9. (C) POLOFF quizzed Brown on the state of the nation's
refineries. Brown said that he has heard reports that the
Warri refinery is having "turn-around maintenance" and should
be operational by the first week of December. He explained
that the Kaduna refinery is not operational only because it
has no crude to refine. He bemoaned the state of the
pipelines due to neglect and vandalism and identified their
dilapidated condition as the source of Kaduna's problems.

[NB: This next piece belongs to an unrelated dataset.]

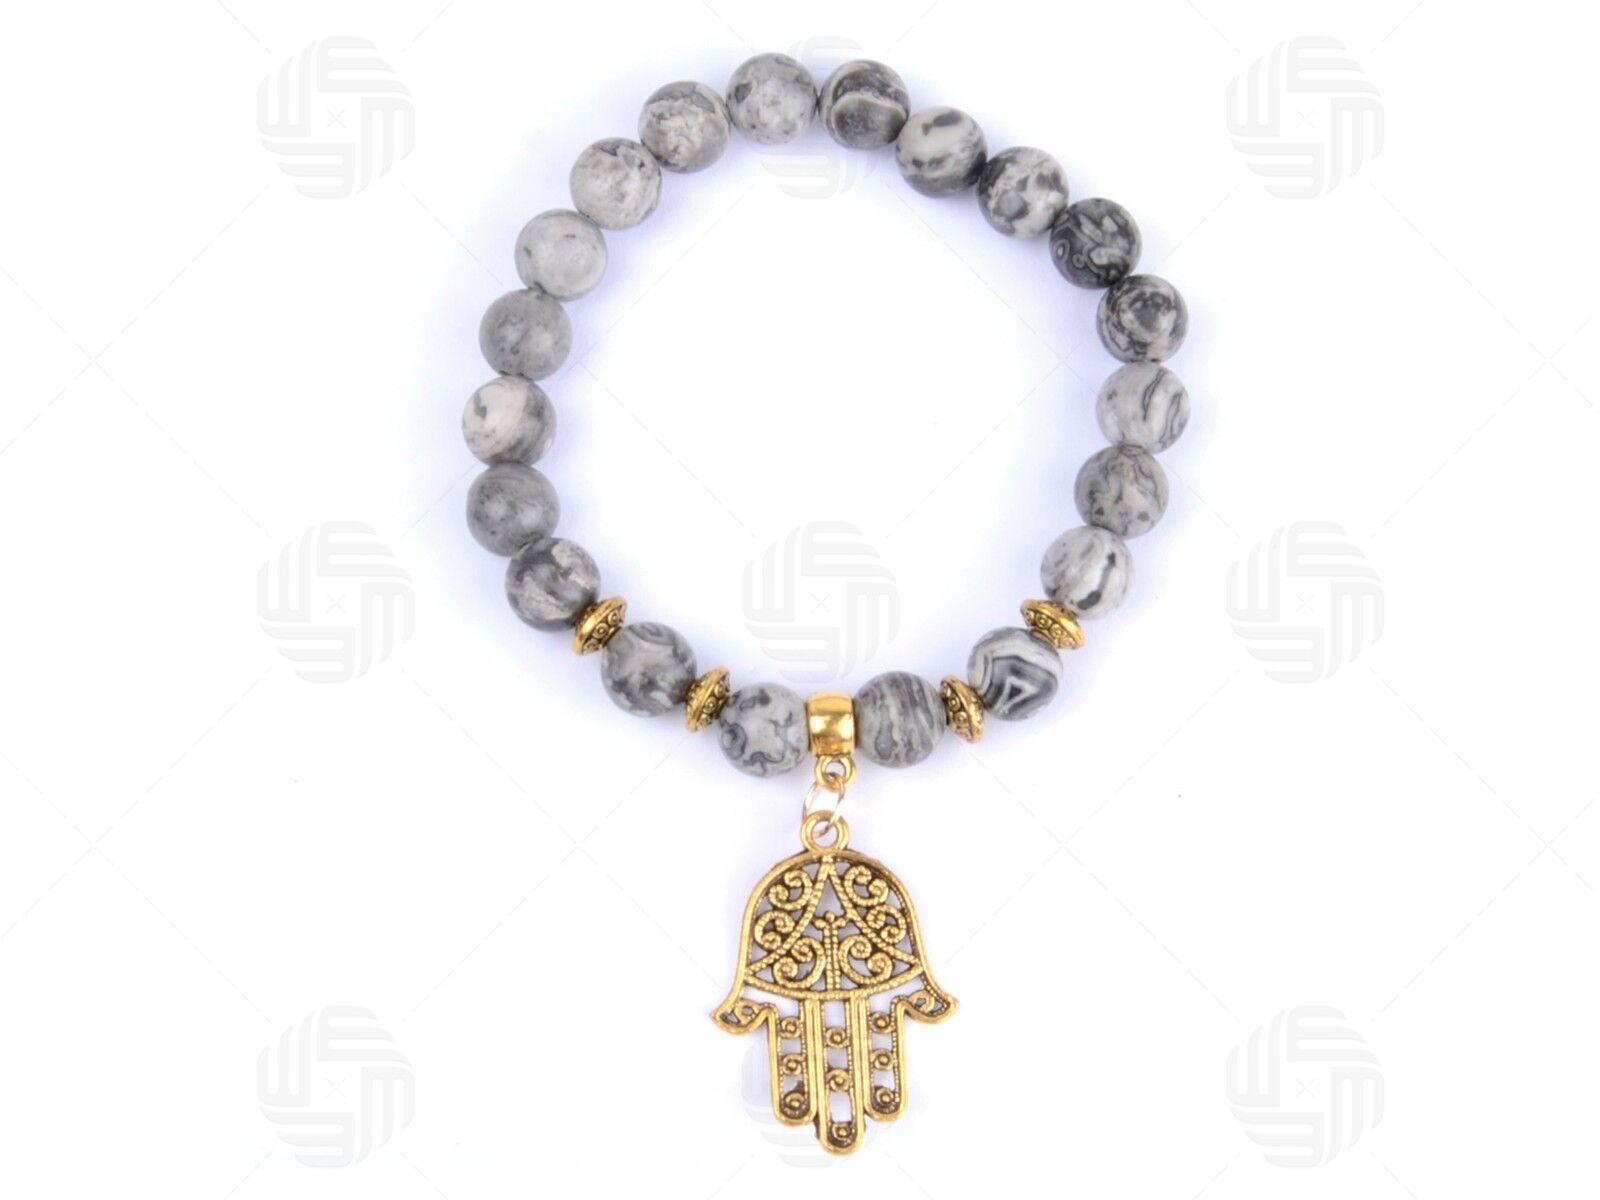 Hamsa Hand of God Protection Turquoise Yoga Amulet Antique Brass Long Necklace

When asked if privatization would mean downsizing of the
labor force, Brown said this would be a necessary step. His
concern is that the GON will not properly provide for
displaced workers. PENGASSAN will thus demand that workers be
provided with severance pay and guaranteed protection of
their workers' benefits and pensions, "as it is done in
civilized society." Should these considerations be met,
Brown believes downsizing will not be a contentious issue ,
and pointed to the successful mergers of AGIP/Unipetrol and
Chevron/Texaco as models.



10. (C) Brown expressed sober enthusiasm for Kupolokun as the
new head of NNPC and stressed that he is "not a new hand,
but a group executive and engineer in the system who rose
through the ranks." Brown stated that he is ready to work
with Kupolokun. "He should be able to turn us around," he
said, and foresees problems only if Kupolokun "formulates
policy independently and forces it down our throats. But if
he his ready to consult, he can bring us along." In
principle, PENGASSAN supports Kupolokun's policy to break up
the NNPC's Pipelines and Products Marketing Company and sell
parts of it individually. However, Brown reiterated that "we
will not take dictation for one person" and stressed the need
for consultation. Brown demurred when asked if he believes
Kupolokun will change NNPC's reputation of extreme
corruption, saying that PENGASSAN has no position on the
subject since it has no proof and will not make judgments
based on supposition and rumors.



11. (C) COMMENT. The downstream petroleum sector in Nigeria
is undergoing a dramatic transformation with deregulation of
retail marketing, even if privatization of the refineries
exists only in policy and dialogue. Assessing the viability
of the companies that BPE announces as potential core
investors will be the first test of credibility of this
exercise. The next will be how BPE and the Presidency handle
the process. (Note. Both the President's Assistant on
Privatization Matters and the new chief of NNPC have pledged
stakeholder participation in the privatization process and a
greater GON effort at public awareness.) Finding capable
willing investors remains the GON's greatest challenge to
refinery privatization. END COMMENT.